Role	Name	Contact	Link
Student	Scott Weeden	sweeden@ttu.edu	LinkedIn
Instructor	Dr. Akbar S. Namin	akbar.namin@ttu.edu	TTU CS Faculty

Course: CS 5374 - Software Verification and Validation | Spring 2026
Repository: CS5374 Software V&V on GitHub

The Problem: AI Hallucination in Legal Research

Large language models and retrieval-augmented generation (RAG) systems are increasingly used to answer questions about legal and governmental matters, yet they frequently hallucinate or return outdated information. Invented judge names, non-existent laws, fabricated election details, or unverified court documents can cause serious harm: incorrect legal advice, misrepresentation of officials, and invalid citations presented as binding authority.

Notable Cases & Studies

Reference	Description
Stanford Law - “Hallucination-Free?”	Assessing the reliability of leading AI legal research tools (link)
Stanford Law - “Large Legal Fictions”	Profiling legal hallucinations in large language models (link)
Mata v. Avianca, Inc.	Court sanctions for AI-generated fake citations (link)
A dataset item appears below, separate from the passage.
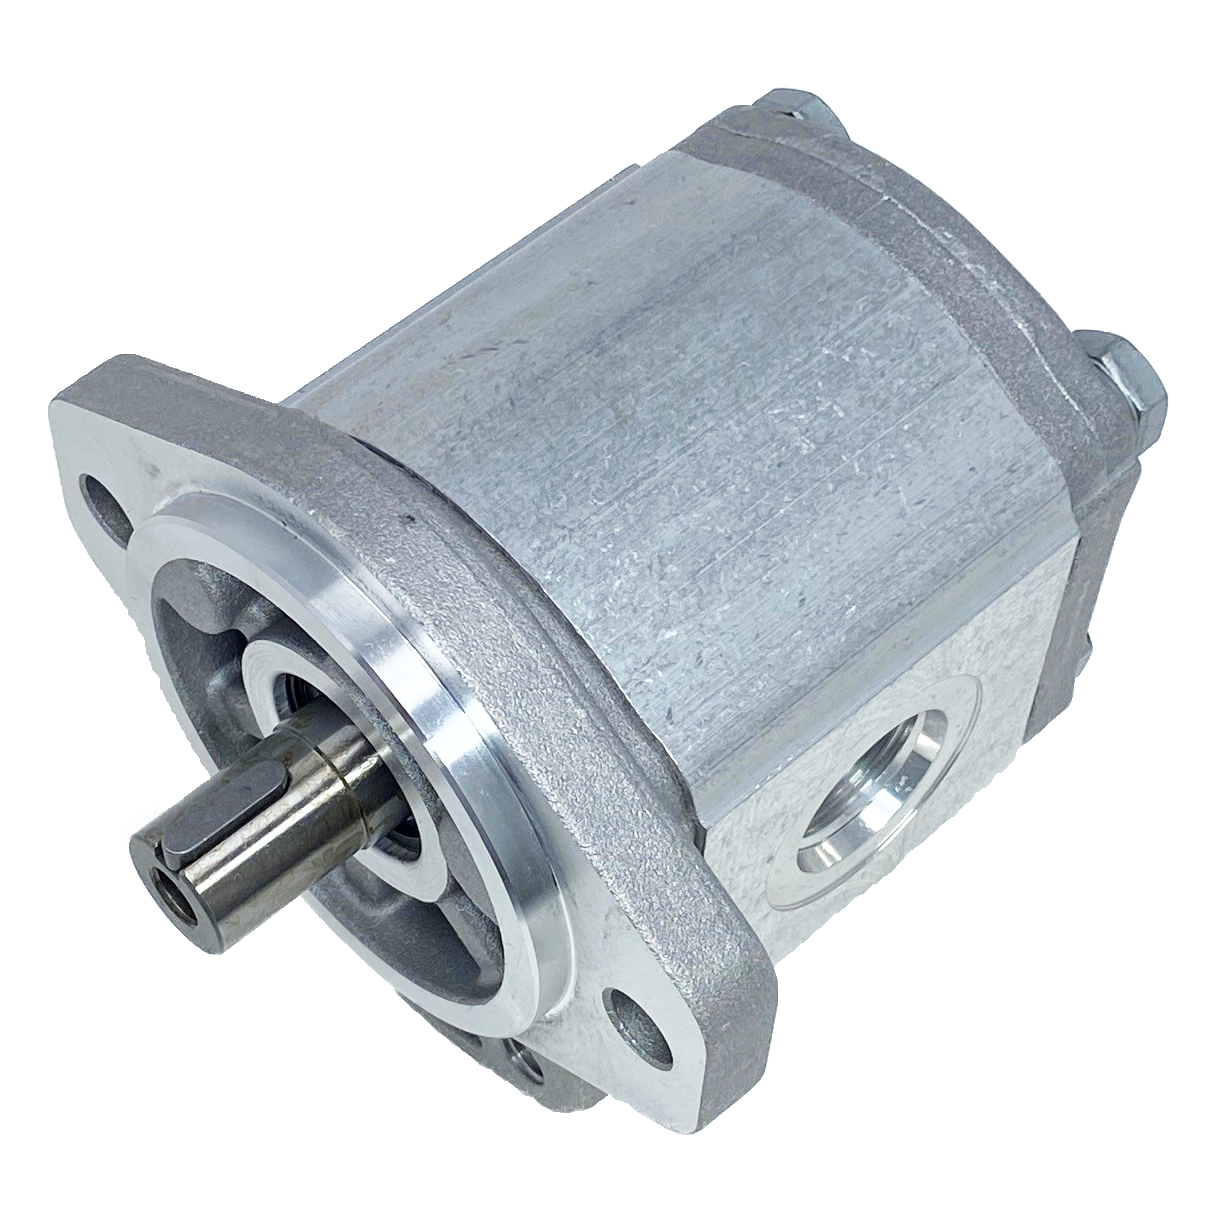 PLM20.16R0-50S1-LOC/OD-N-EL : Casappa Polaris Gear Motor, 16.85cc, 3625psi Rated, 3000RPM, Reversible Rear External Drain, 3/4" Bore x 3/16" Key Shaft, SAE A 2-Bolt Flange, 0.625 (5/8") #10 SAE Inlet, 0.75 (3/4") #12 SAE Outlet, Aluminum Body & Flange

Content Verification Architecture

The pipeline verifies content across seven domains using authoritative Texas sources:

Content Type	Authoritative Texas Source	Verification Approach
Legal/Government News	Trust lists, NewsGuard, AllSides	URL and domain checks; cross-check with Texas agency press releases
Judges	Texas judicial directories, court rosters	Name and court match against official rosters
Elected Officials	data.texas.gov, data.capitol.texas.gov	Match names, offices, and terms to official datasets
Elections & Opponents	Capitol Data Portal (116+ datasets)	Certified filings and results; candidate/race verification
Laws & Ordinances	Texas Legislature, agency sites	Citation and text match against official code/statute datasets
Court Documents	Texas court datasets, e-filing metadata	Docket/case ID and document metadata validation
Legal Templates	Texas court form registries	Checksum and version validation against known good templates

Note: Federal sources (CourtListener, PACER, FEC) are not used as primary authorities; the focus is on Texas legal and governmental sources via the Texas Open Data Portal and Capitol Data Portal.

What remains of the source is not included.